TUM-DAML / seml

SEML: Slurm Experiment Management Library
Other
165 stars 29 forks source link

Change slurm config inheritance to default -> template -> experiment #109

Closed heborras closed 1 year ago

heborras commented 1 year ago

Reference issue

No issue has been created yet.

What does this implement/fix?

I've recently started working with the sbatch_options_template option and noticed that the way it inherits configuration from the default settings is strange. Currently, when defining a sbatch_options_template the add command will first merge the default and the experiment config and then pass along options from the template, if they were not already defined before. See this code on the main branch: https://github.com/TUM-DAML/seml/blob/e340dc4de0c472839fdda811e8b90d69fd6e54e0/seml/add.py#L142-L152 In practice this leads to the following inheritance scheme: template -> default -> experiment Meaning that the default configuration will over-ride any template options. This makes the feature not that useful in practice, since if one wants to use templates one will need to setup the default config to contain almost no options and redefine a bunch of stuff for each template.
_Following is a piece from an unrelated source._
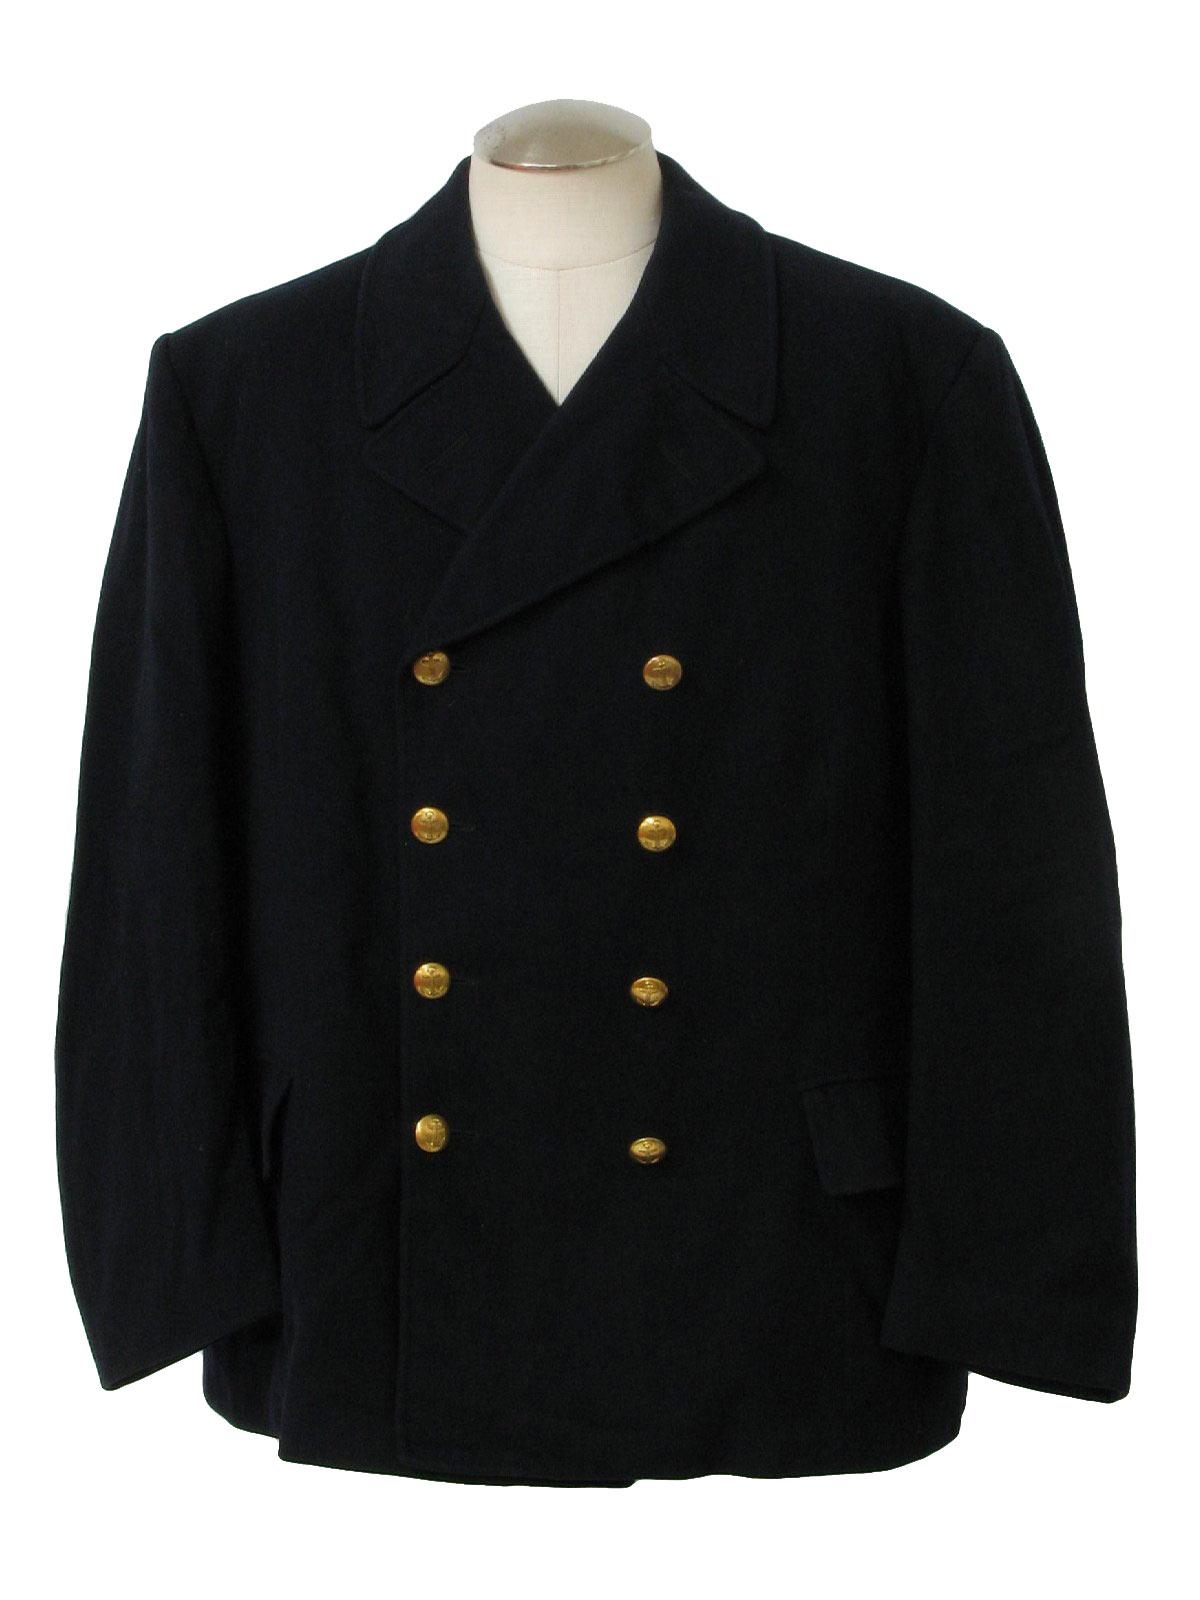 Retro 1950's Jacket (Rappson) : 50s -Rappson- Mens dark midnight ...

Instead I would expect the templates to follow the following inheritance: default -> template -> experiment This is done in this PR.

Comments, feedback or insights into why this is currently done the way it is are more than welcome.
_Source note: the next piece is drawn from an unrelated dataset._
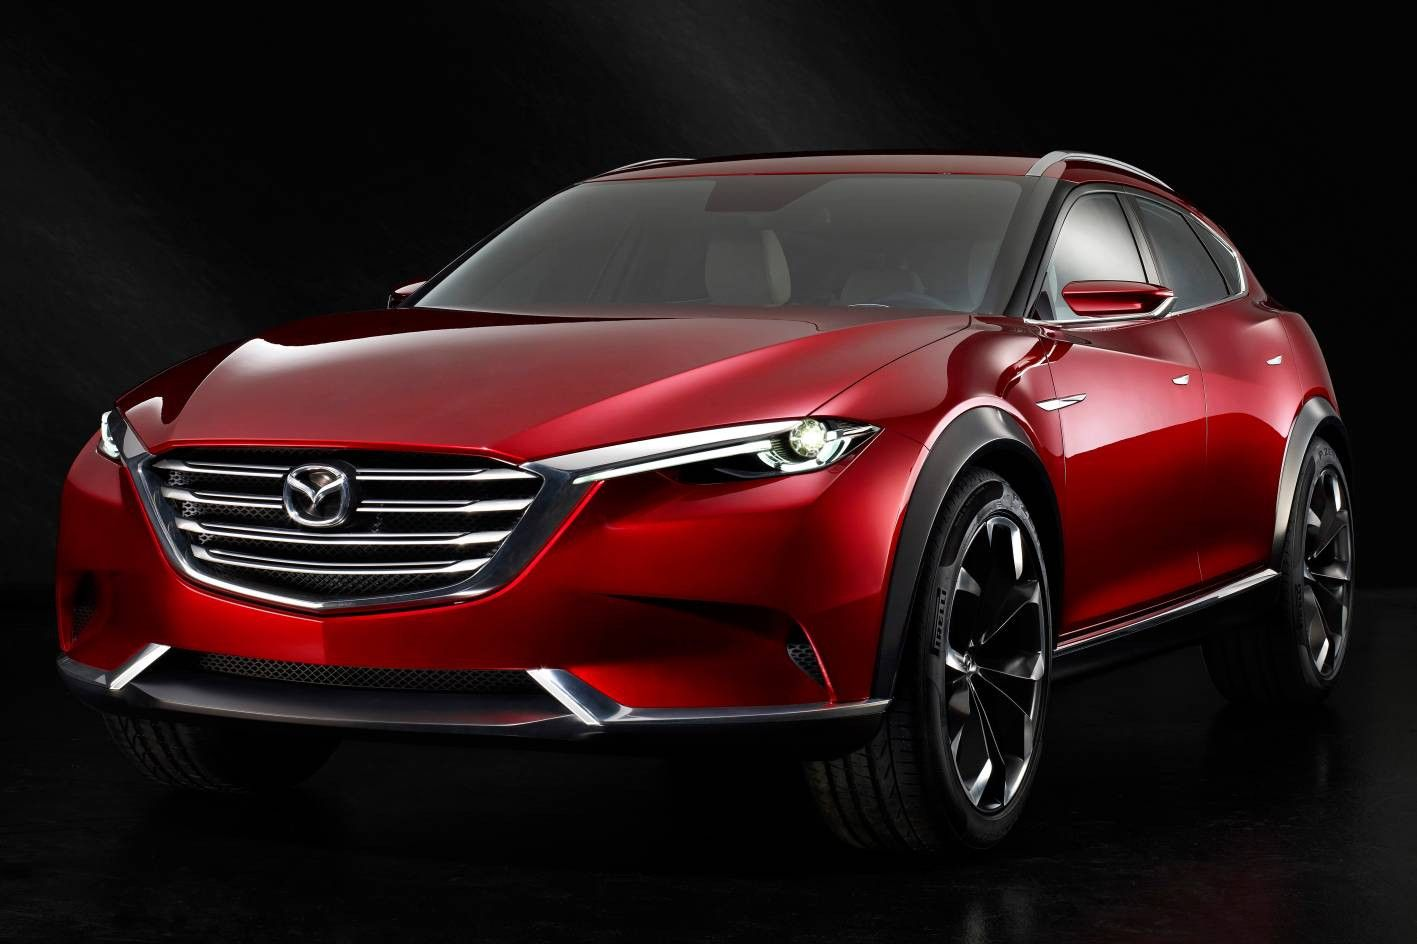 Mazda Cx 9 2020 Release Date New Engine Di 2020

n-gao commented 1 year ago

Thanks a lot for the PR! This indeed seems like undesired behavior. Would it be possible to write a unit test for this such we can be sure that the behavior is as intended and doesn't change in future iterations?

heborras commented 1 year ago

Hm, yeah that would be nice indeed. However, I'm not sure how to test the add_config_file function without an active mongodb connection. Because without a working mongodb configuration the function will likely crash with a connection error: https://github.com/TUM-DAML/seml/blob/e340dc4de0c472839fdda811e8b90d69fd6e54e0/seml/add.py#L116

n-gao commented 1 year ago

I see. We should potentially reduce large functions in the first place. So, a solution would be to move the configuration merging into a separate function. At a later time, this should be considered for more parts such that we can get larger test coverage.

heborras commented 1 year ago

Okay, I restructured the code as suggested and added some tests to check that the inheritance is correct. I've also found a bug where the read_config function would crash if either the slurm or the sbatch_options key were empty in the .yaml config file. The bug is now fixed in 84d000866808563117ae1eb6624eb5d9cc49c65b in such a way that if these keyse were empty in the config file they are converted to empty dictionaries, this is also covered by the tests.

n-gao commented 1 year ago

Except for the small code consistencies, this looks good to me! Thanks a lot for your great help :)

heborras commented 1 year ago

Nice, I've removed the unnecessary parentheses.